### Problem to work on:
Using the data below, restate exactly every line from the one with "Cool piastrelle cucina" up to and including the one with "The beautiful indoor". No picture belongs in it.

### Record excerpts:
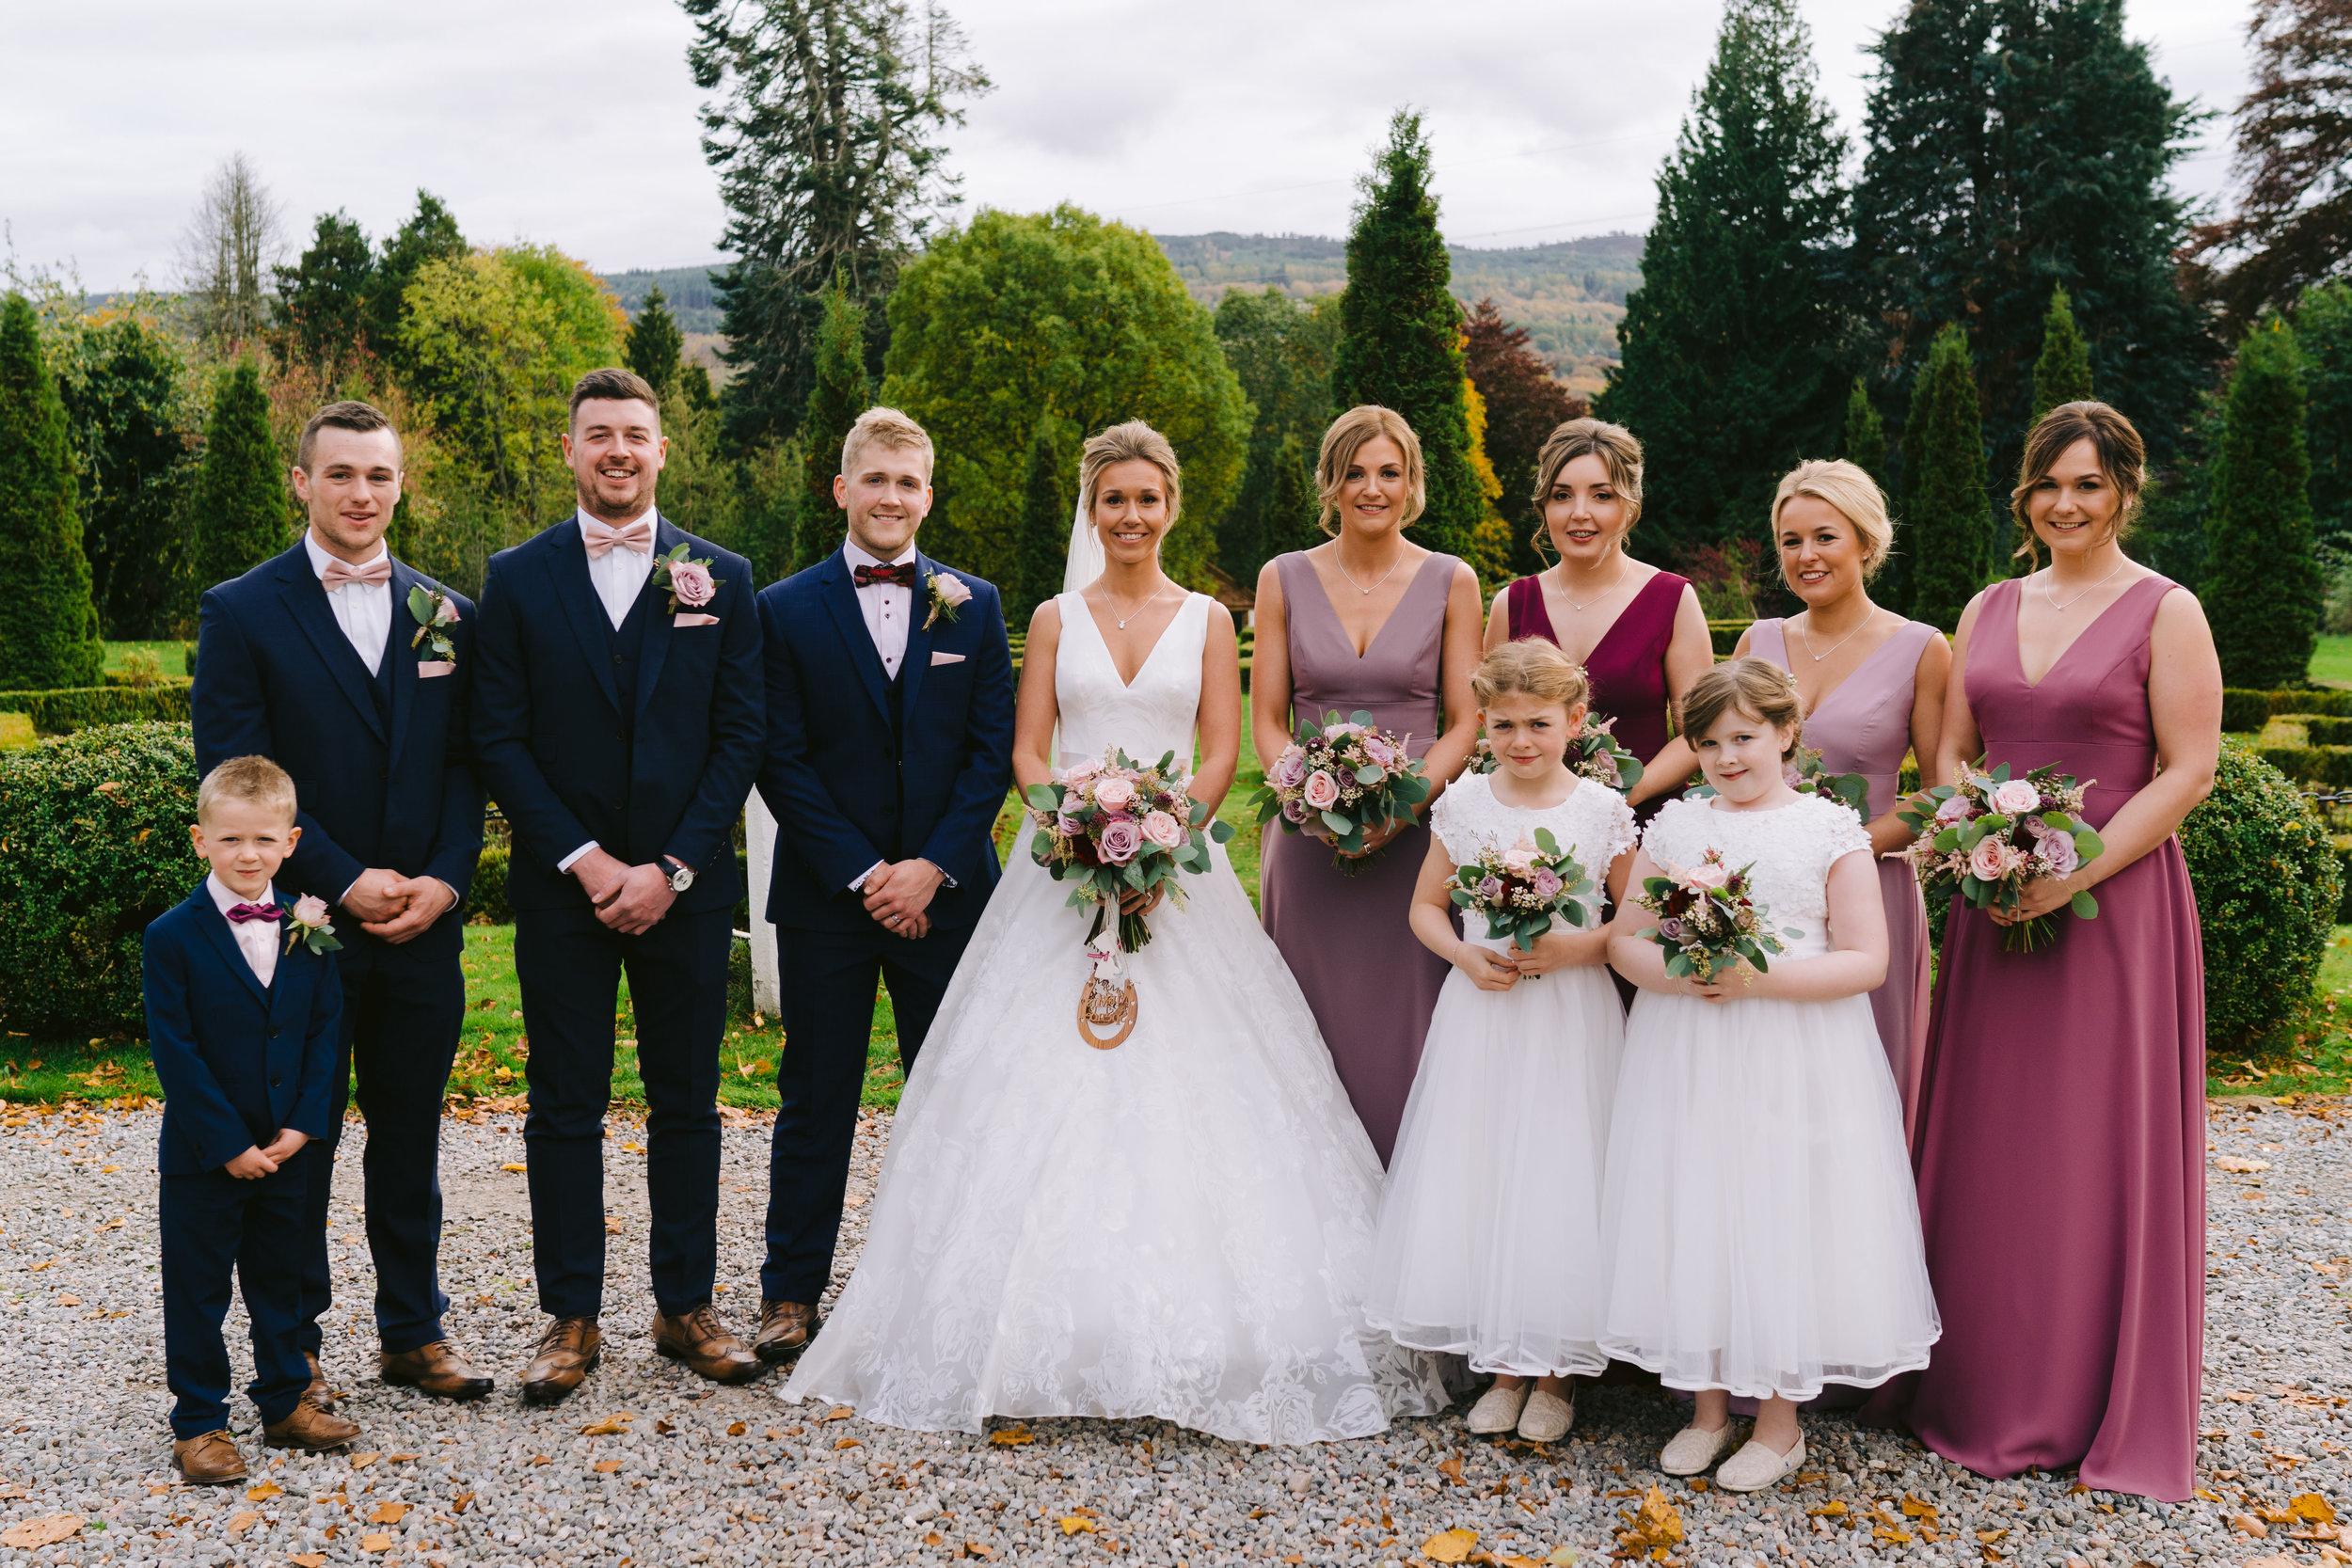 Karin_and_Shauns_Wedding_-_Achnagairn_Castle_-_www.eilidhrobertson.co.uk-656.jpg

==

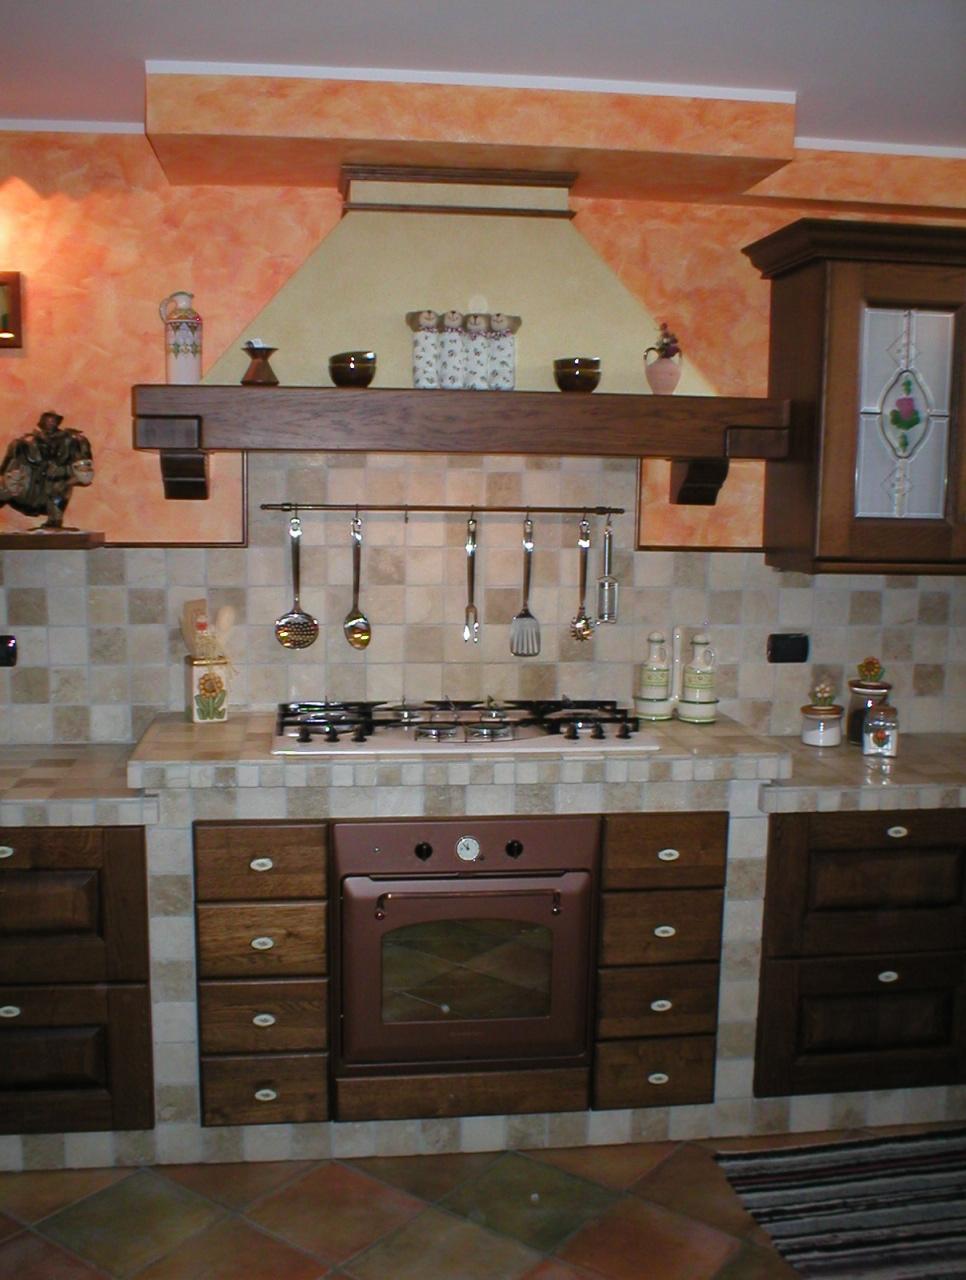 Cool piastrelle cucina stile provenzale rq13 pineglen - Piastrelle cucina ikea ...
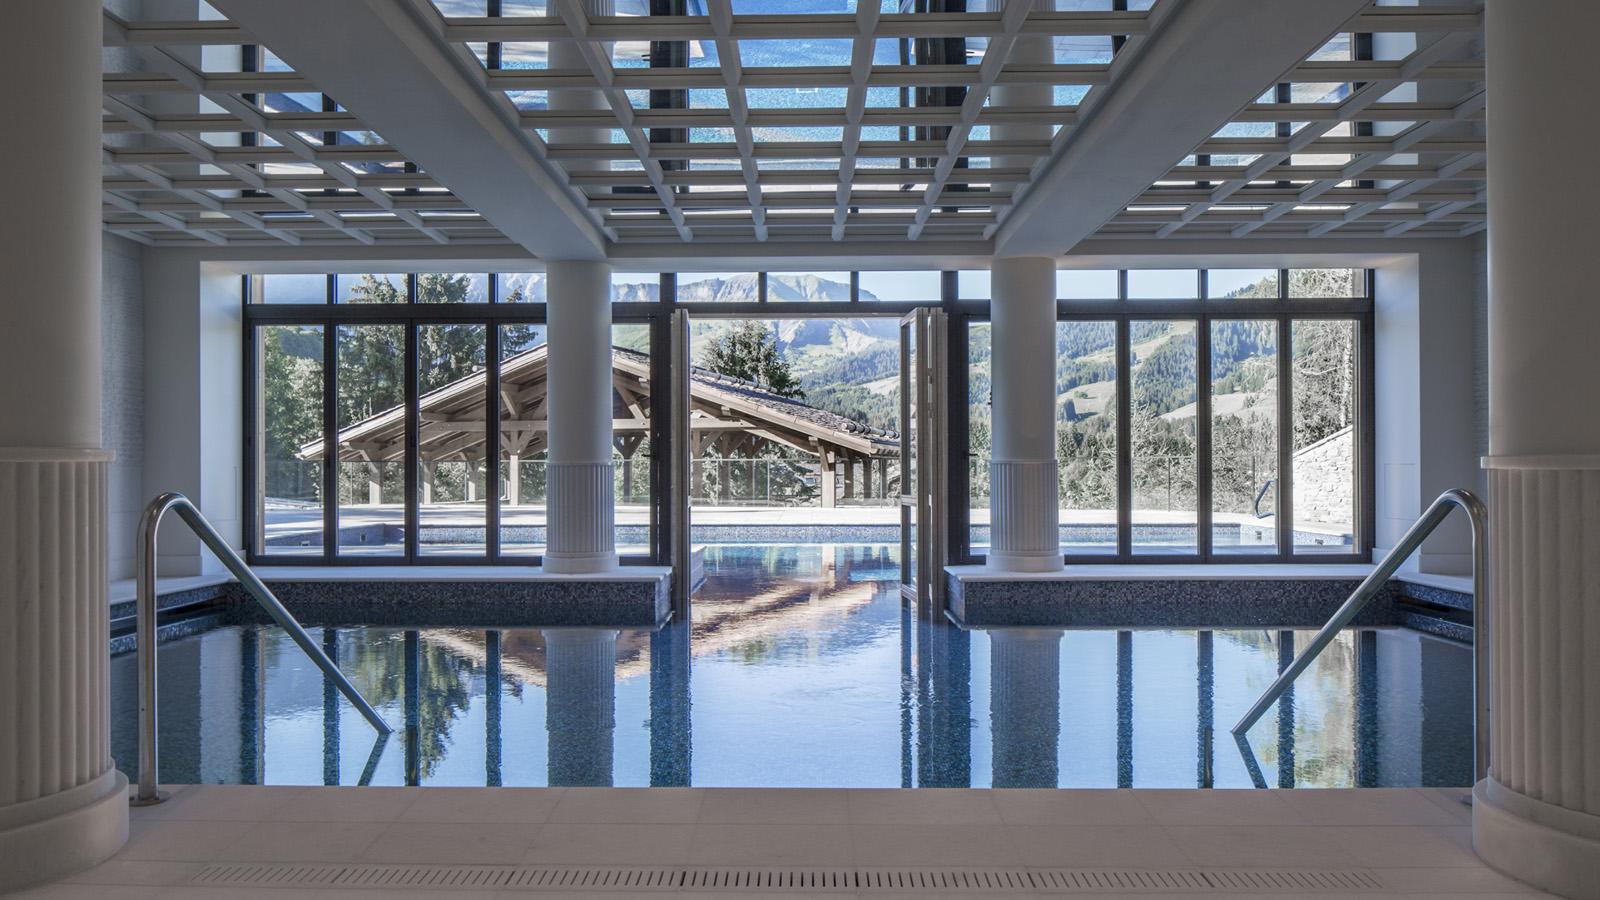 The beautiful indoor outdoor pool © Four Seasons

### Answer below:
 Cool piastrelle cucina stile provenzale rq13 pineglen - Piastrelle cucina ikea ...
 The beautiful indoor outdoor pool © Four Seasons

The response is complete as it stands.